--- Exercise directions ---
Of the material below, the lines to be retyped are those from the line containing "Starry Sparkle Clip-on Stud Earrings" through the line containing "JLA LJ1SA HC", inclusive; reproduce them exactly.

--- Data provided ---

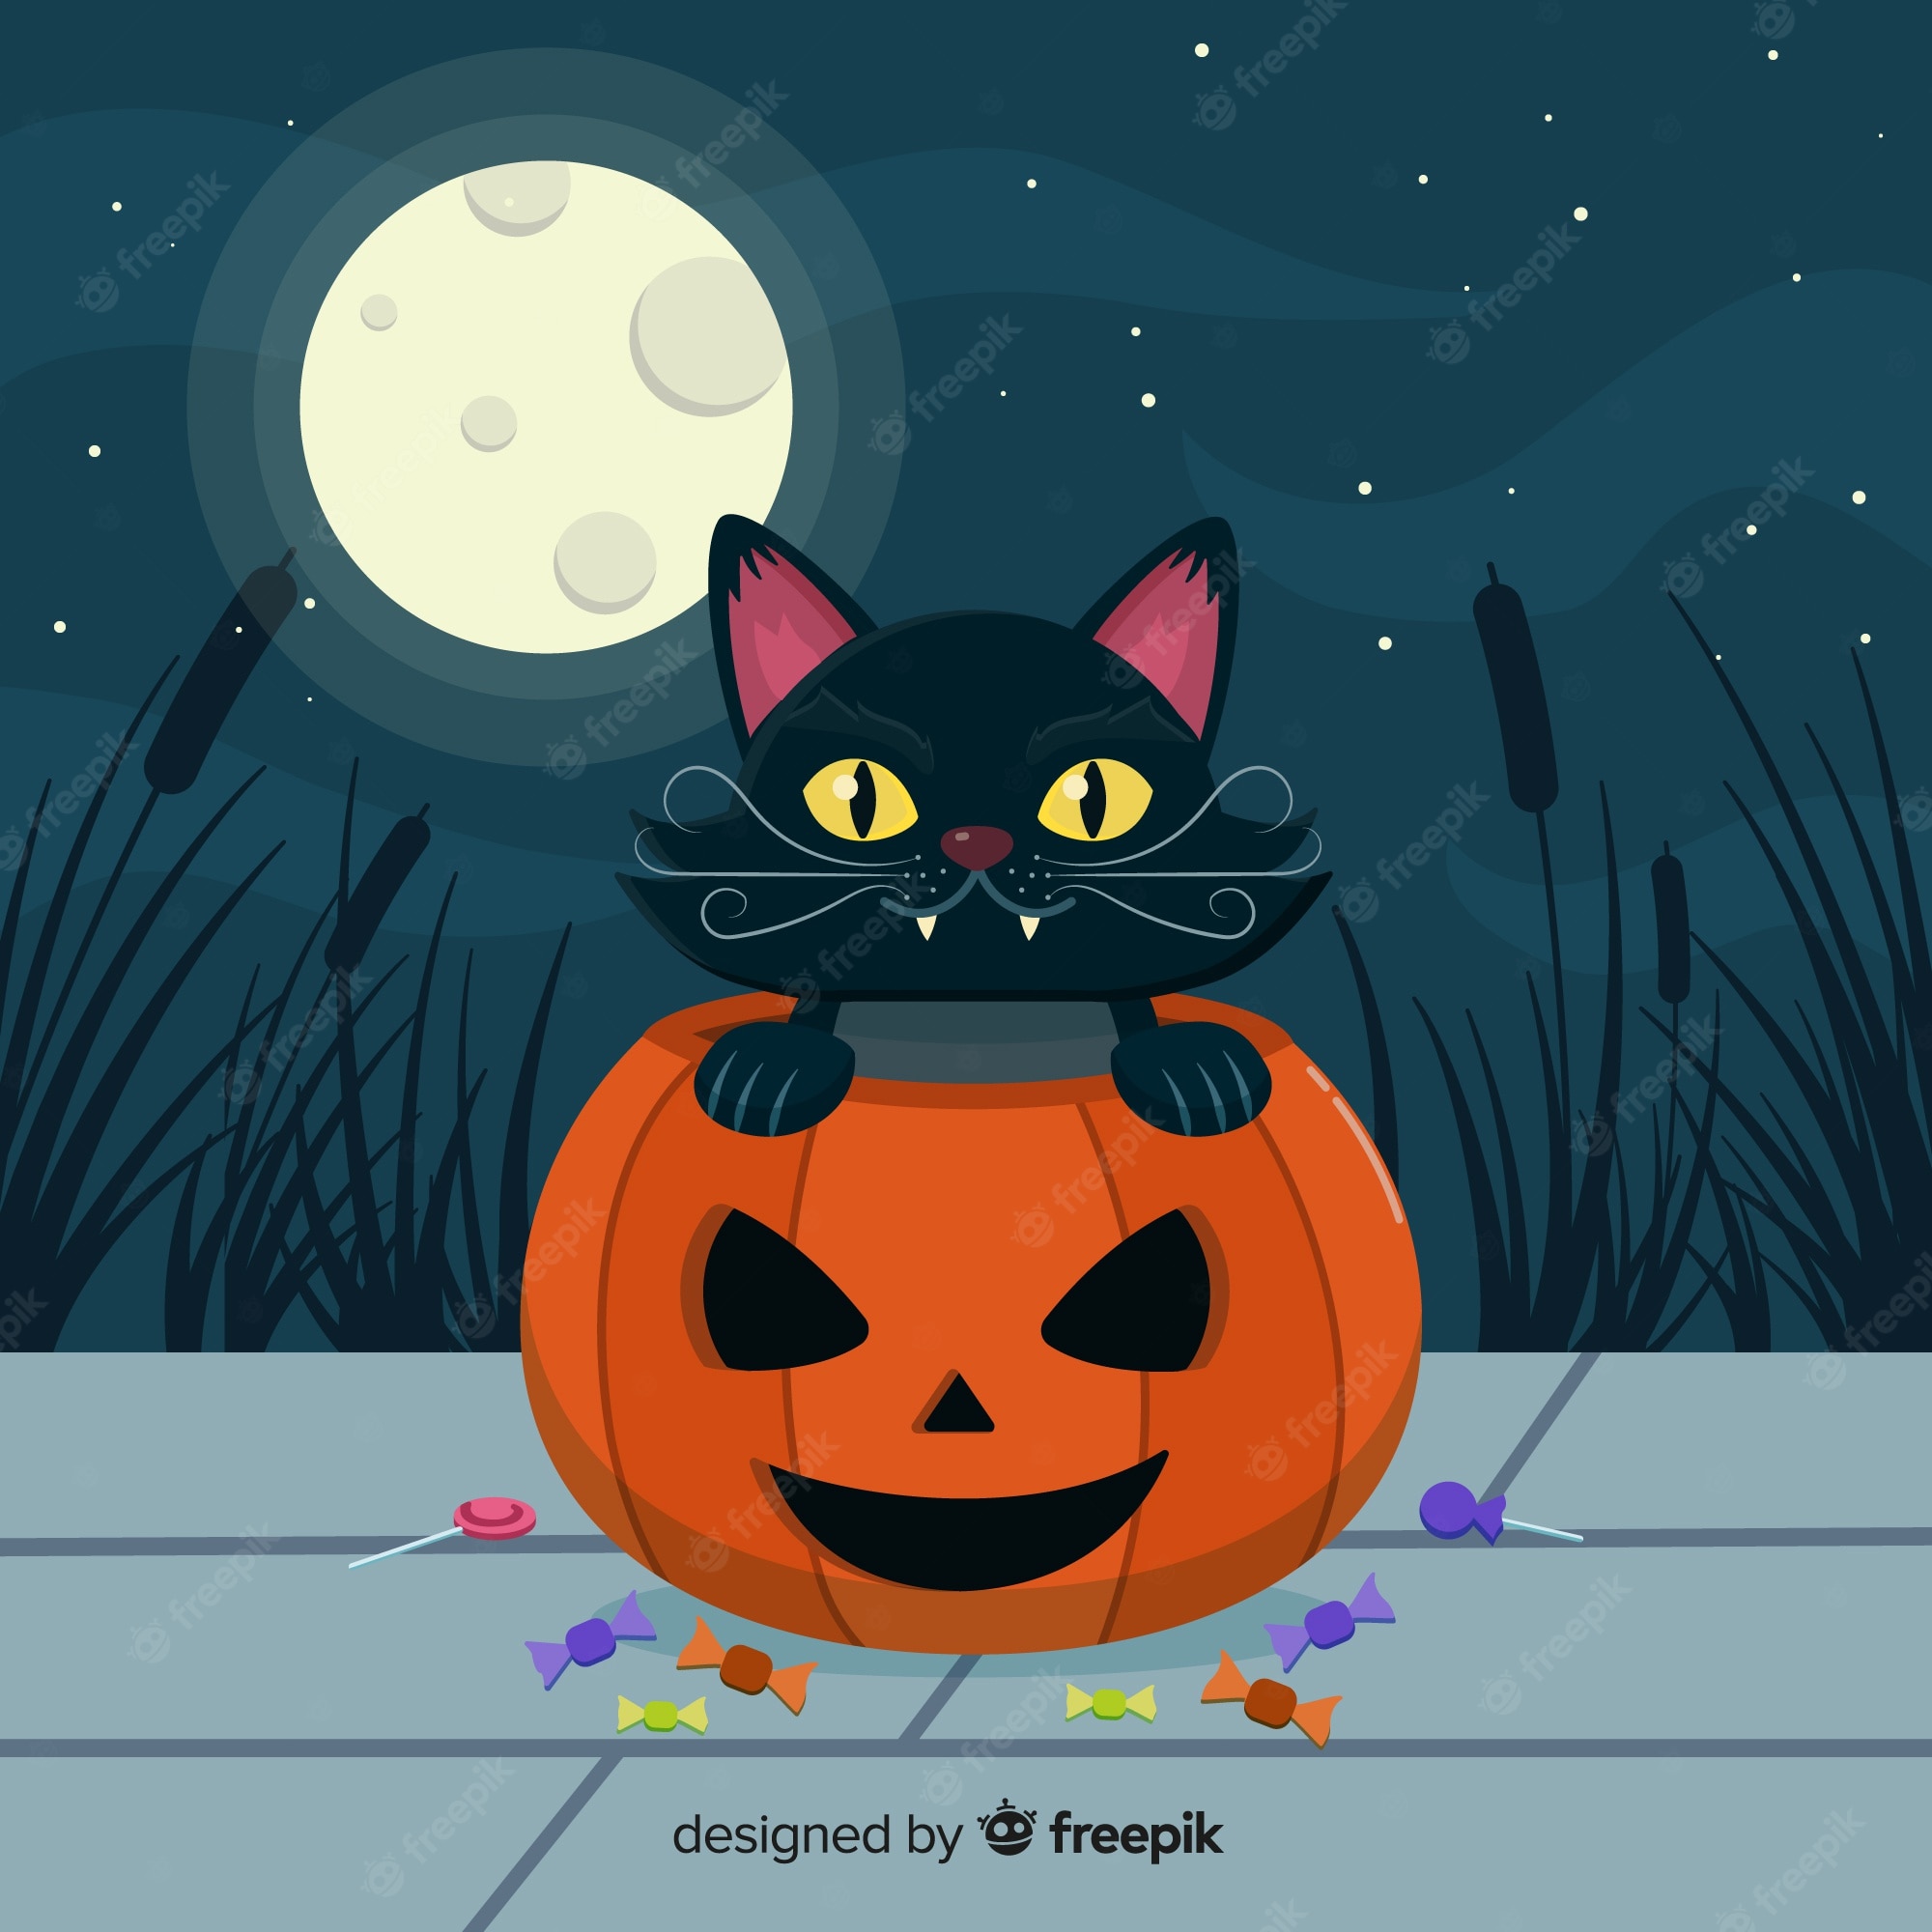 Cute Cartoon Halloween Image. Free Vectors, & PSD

---
--- Data provided ---

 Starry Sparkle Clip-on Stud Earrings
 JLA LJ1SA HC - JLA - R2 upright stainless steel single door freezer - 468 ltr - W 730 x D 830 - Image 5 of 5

---
--- Data provided ---

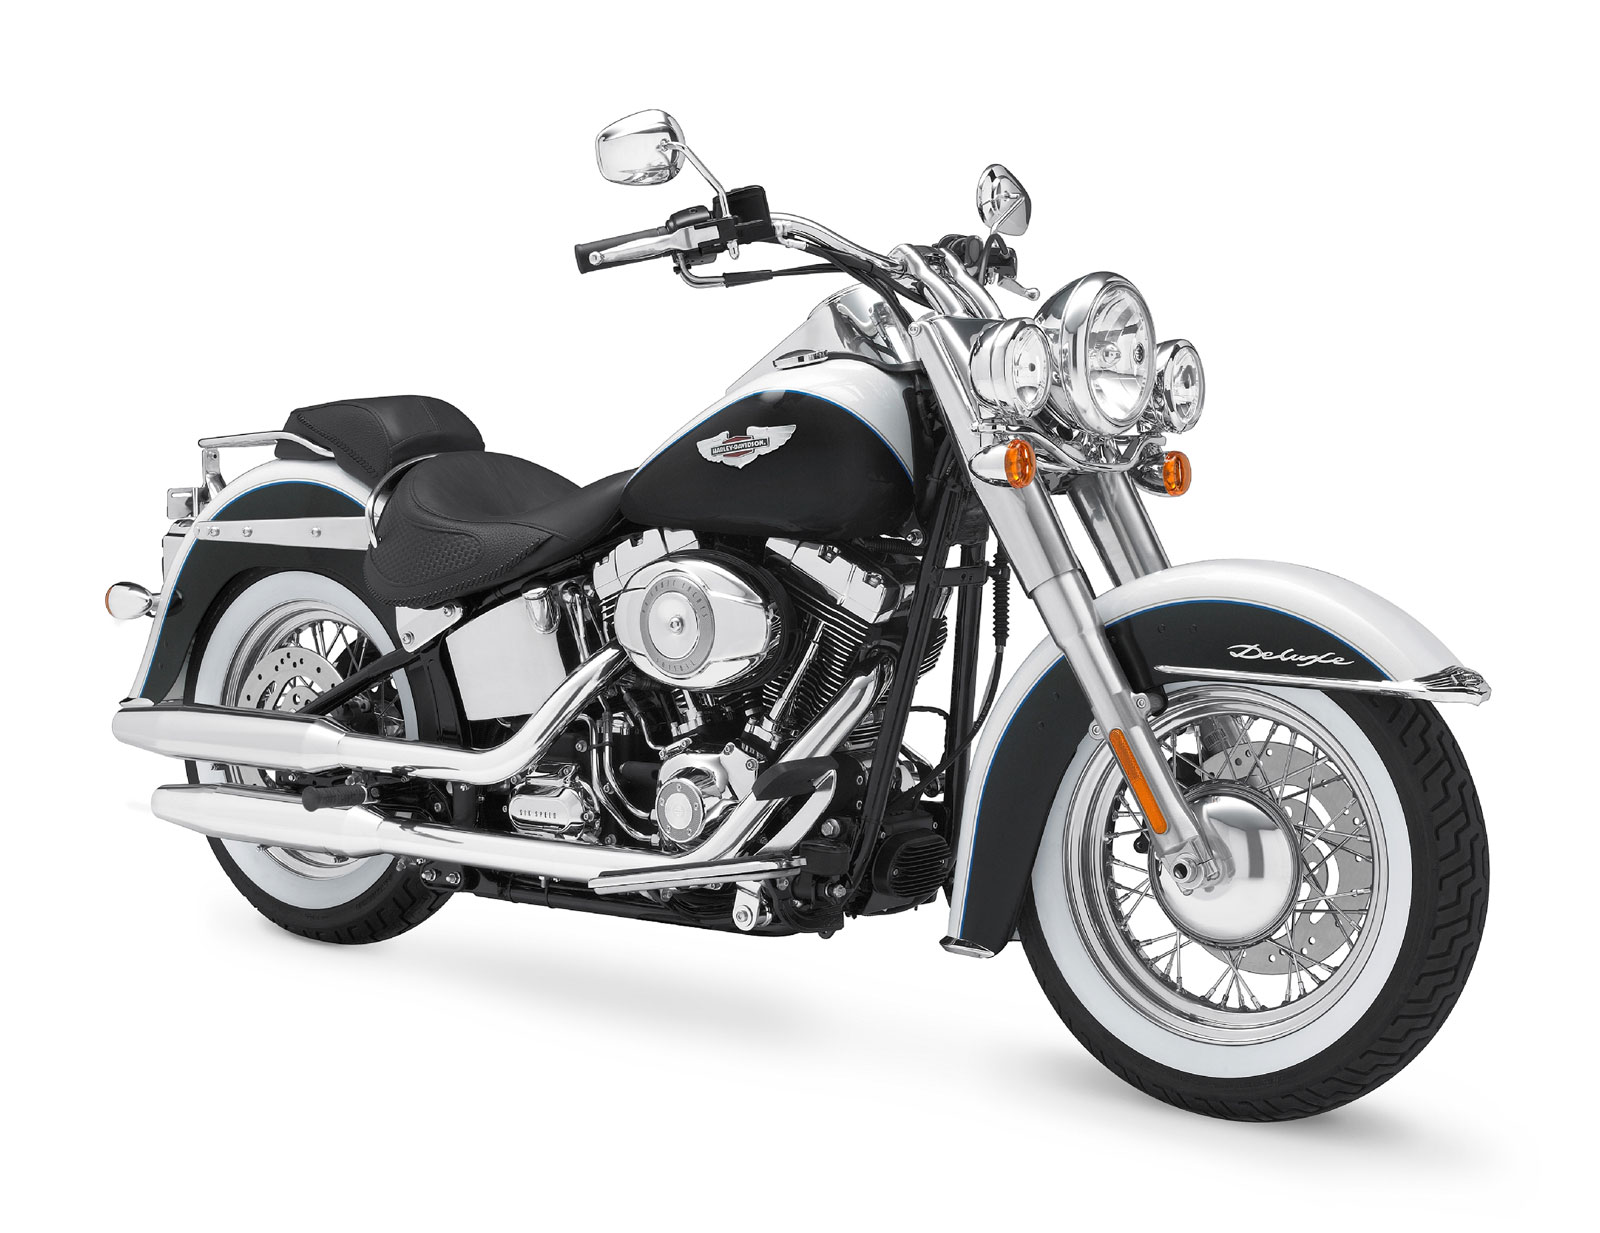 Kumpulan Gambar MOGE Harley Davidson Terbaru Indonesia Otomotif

---

--- Written response ---
 Starry Sparkle Clip-on Stud Earrings
 JLA LJ1SA HC - JLA - R2 upright stainless steel single door freezer - 468 ltr - W 730 x D 830 - Image 5 of 5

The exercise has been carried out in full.